After this I thought we were in the clear but no, we had to wait for discharge papers and it was then that I started to feel a bit like we were incarcerated or something. I knew we COULDN’T leave until they told us we could. You even have to go in the back of the ER where the only way to get a door opened is with an orderly that has a handy card to swipe, one which you do not have, and if you wish to leave or enter, they must say it’s ok first. I felt stuck and watched and unable to ask for what we needed which was to be out of there in time to pick my son up from school. I kept asking when they thought we might be finished because I am the only one available to get my child from school and they kept saying, “Geez, I sure hope we’re done by then”. It was a bit bizarre and if it came down to it I would have left with Sylvie in her baby, hospital gown and come back later with all of them. I just can’t bear the thought of leaving a child at school with no one there to get him/her. Also, you can’t tell me I can’t leave to go get him. I-ont-thinkso!

I’m super grateful for the care we received and, to their credit, everyone there was very nice.
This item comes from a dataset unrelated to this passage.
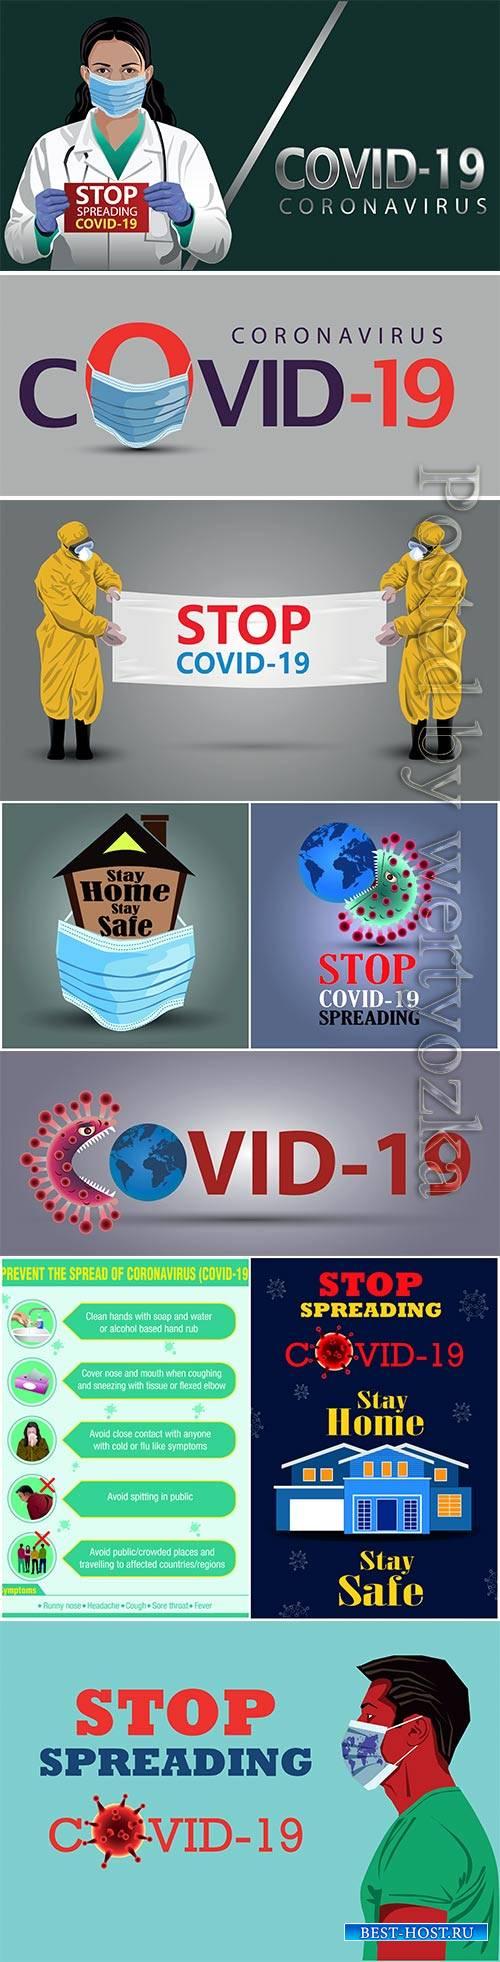 COVID 19, Coranavirus vector illustration sets # 15

I know they were just following protocol but I am still baffled that you end up spending so much stinkin’ time in the ER, waiting for your emergency to be dealt with, while I could go to my doctor’s office tomorrow, needing to be seen for darts stuck in my retina and I would STILL get in and out of there quicker. Why is their protocol to make us wait for hours on end, unable to leave because we’re now checked in?

Do you have a bizarre ER experience?